Folk tale
- Name: Laphumaton
- Also known as: Lafumaton
- Aarne–Thompson grouping: no
- Mythology: Meitei mythology, Meitei folklore
- Country: India
- Region: Manipur
- Origin Date: unknown
- Published in: Manipuri Fungawari (Manipuri Phungawari)

= Laphumaton =

Laphumaton, also written as Lafumaton (ꯂꯐꯨꯃꯇꯣꯟ), is a folktale from the Meitei tradition of Kangleipak (modern day Manipur). It tells the story of a young man named Laphumaton, his travels, his marriages, and his struggles with a king. The tale includes themes of obedience, courage, cleverness, and hidden strengths.

== Story ==

=== Early life ===

A widow lived alone with her son. She raised him by herself. When he grew into a handsome young man, she told him that his father had wished for him to earn his own wealth. The boy took a fishing line and went to a river to catch fish. Instead of a fish, a golden lotus was caught in his hook. He brought the lotus home and placed it in his mother's hands.

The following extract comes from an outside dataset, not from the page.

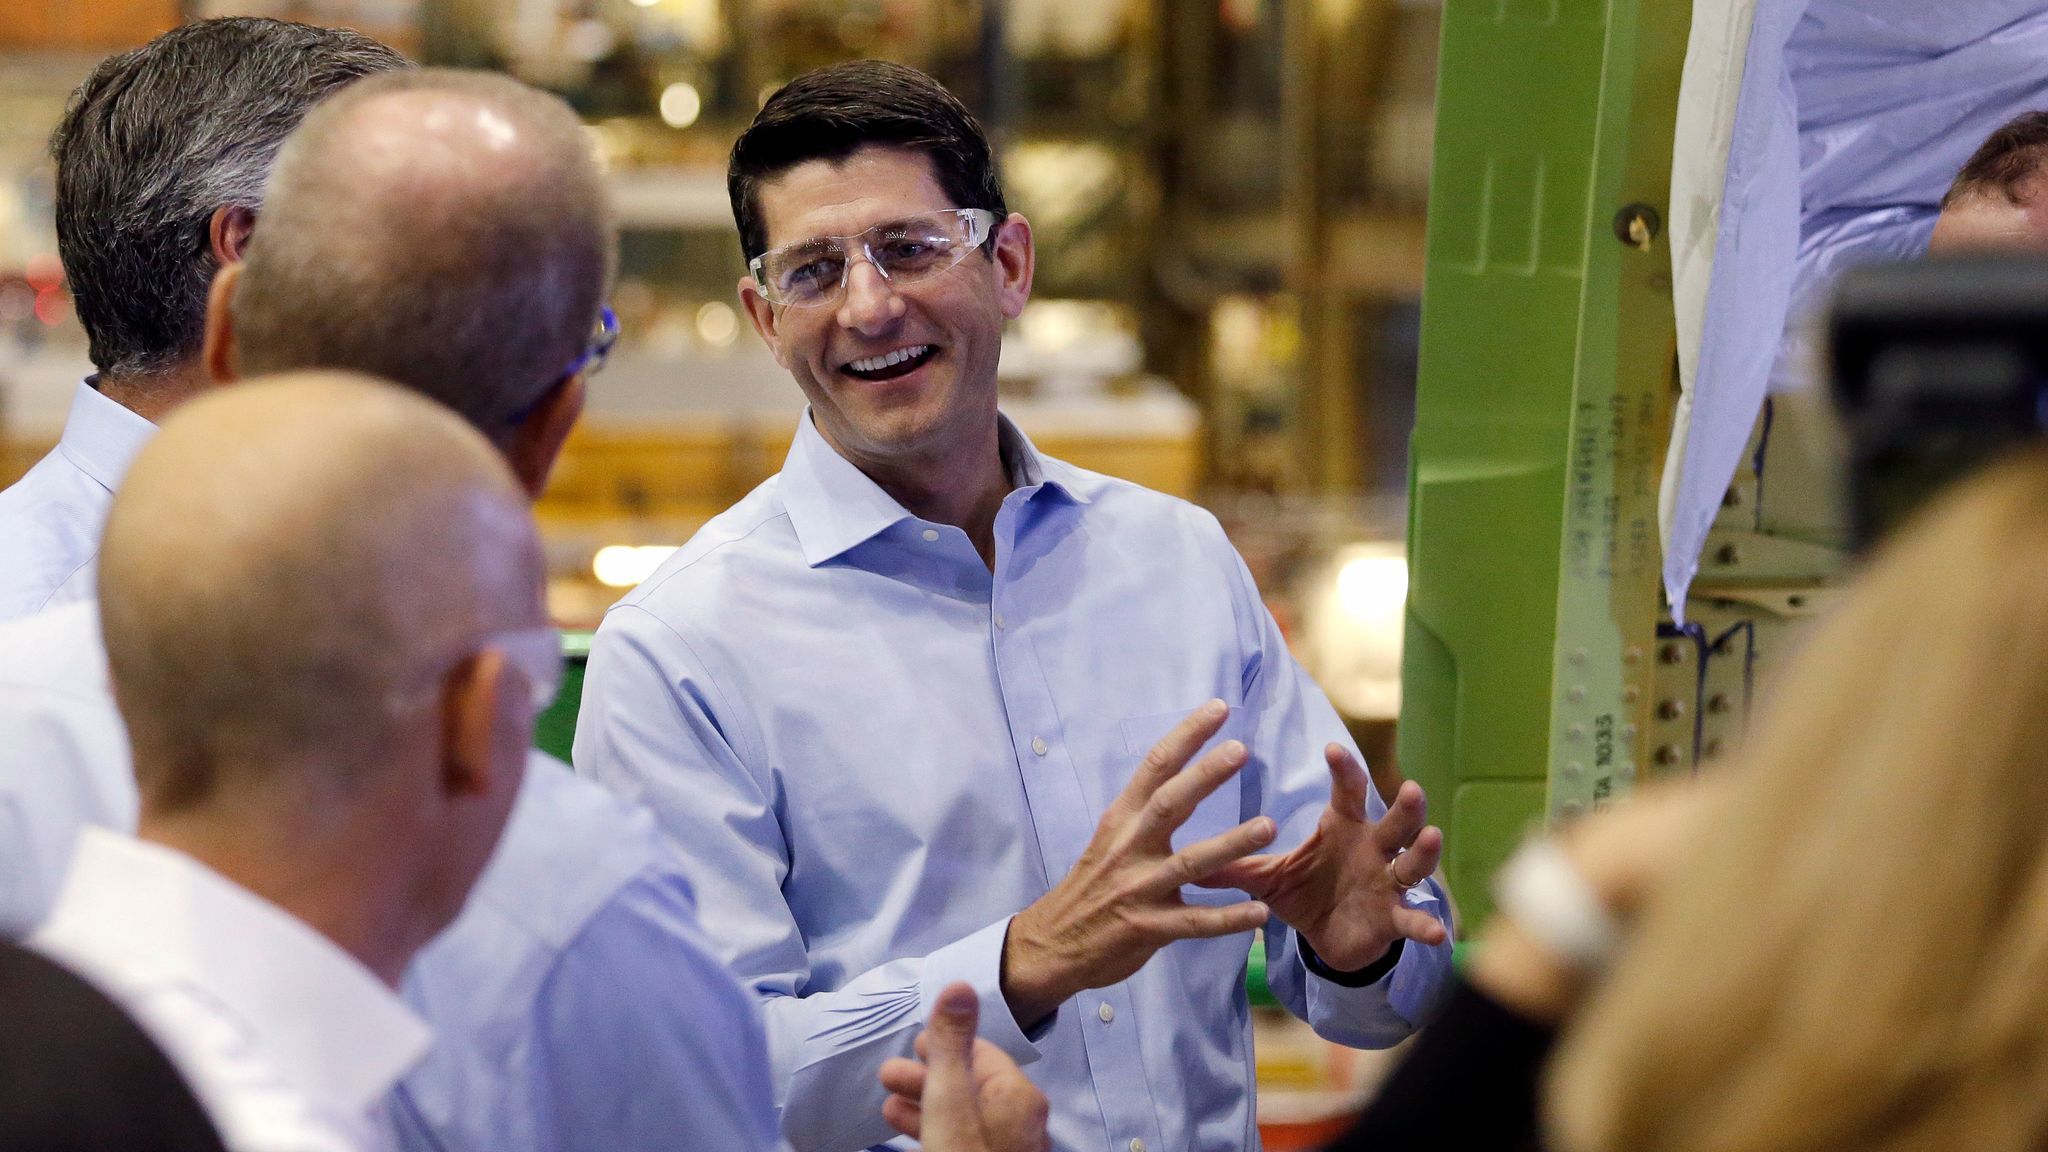 House Speaker Paul D. Ryan (R-Wis.) talks with Boeing Co. employees while on a tour of the airplane factory in Everett, Wash., in August.
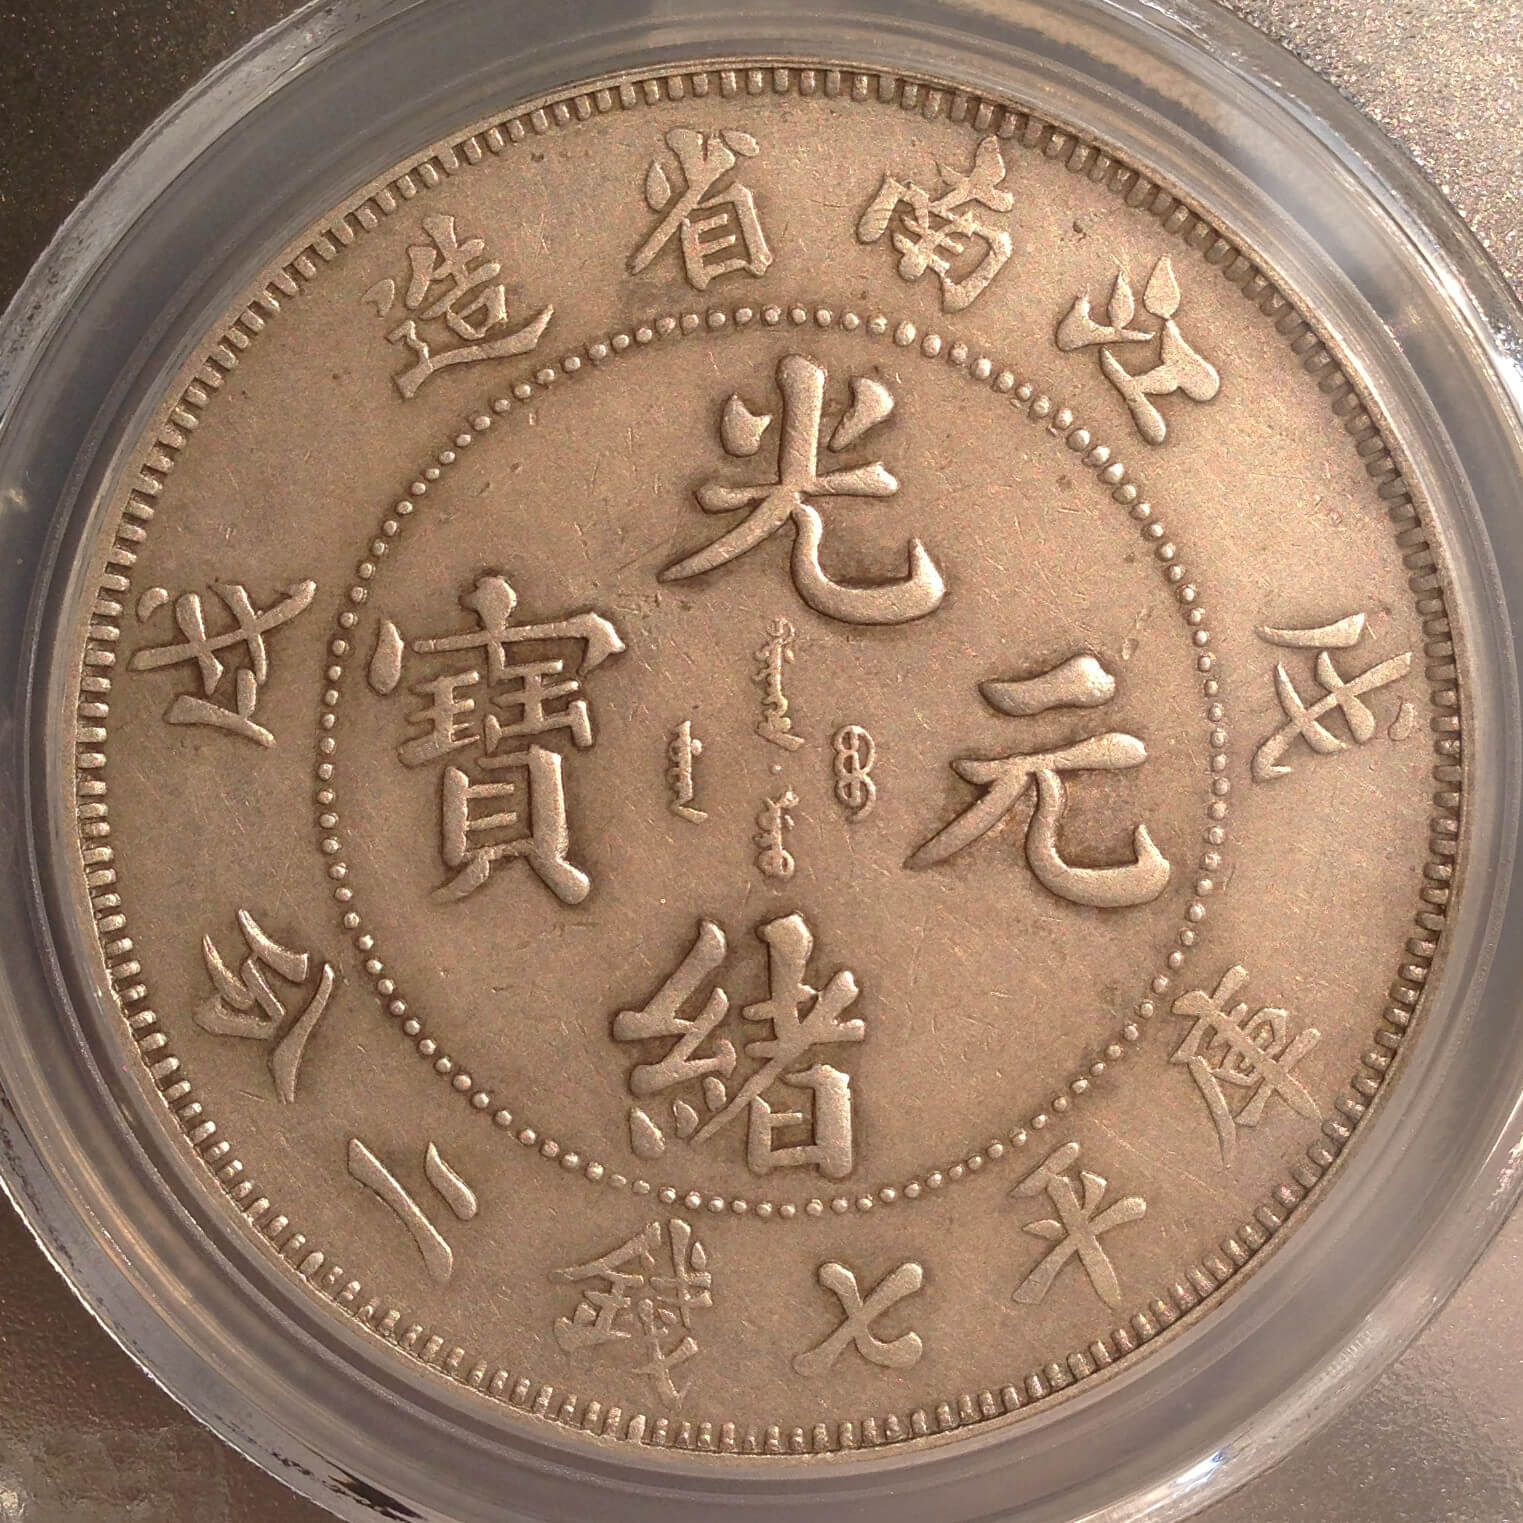 chinese coins worth money

The widow decided to offer the lotus to the king. The king admired it and ordered her to bring the plant that produced the flower. He told her that if she and her son failed to bring the plant within three days, they would be exiled.

=== Search for the Golden Lotus Plant ===

Laphumaton decided to search for the plant. He travelled east and reached a faraway land, where he met Princess Shabireima and her friends at a pond. The princess decided she would marry him, and the girls took Laphumaton to the palace.

The king of the land agreed to the marriage. Later, Laphumaton married another princess, Nganureima, in another kingdom. He explained to his wives that he had come because of a punishment from his own king and that he needed to continue his search.

He travelled on and met a third princess, Khunureima. She also wished to marry him, and the king of that land agreed. When Laphumaton told the king that he was searching for a plant that produced a golden lotus, the king showed him a pond where such a plant grew.

Before taking the plant, Laphumaton prayed for his misery to be removed. He uprooted the plant and returned to the homes of Khunureima, Shabireima, and Nganureima, taking them with him. He returned to his mother and gave her the lotus plant to offer to the king.

=== King's demands ===

The king planted the lotus carefully. But after hearing about Laphumaton's three beautiful wives, he became jealous and wished to take them as his own queens. He began giving Laphumaton impossible tasks.

- First task
  picking seeds

The king ordered Laphumaton to pick up hajam (skeel tree) seeds that would be scattered over ploughed land. Laphumaton was sad, but Khunureima comforted him. She prayed to her father for help, and he sent one thousand pigeons. The pigeons gathered every seed, and the task was completed perfectly.

- Second task
  gathering paddy from a pond

Next, the king threw two baskets of paddy into a pond and ordered Laphumaton to collect every grain by the next morning. Nganureima asked her father for help. He sent five hundred ducks, who dived into the pond and gathered all the paddy.

- Third task
  jumping into a bonfire

The king then declared that Laphumaton must jump into a bonfire. Shabireima prayed to her father, who sent three hundred porcupines. They dug a large underground tunnel from her house to the bonfire pit.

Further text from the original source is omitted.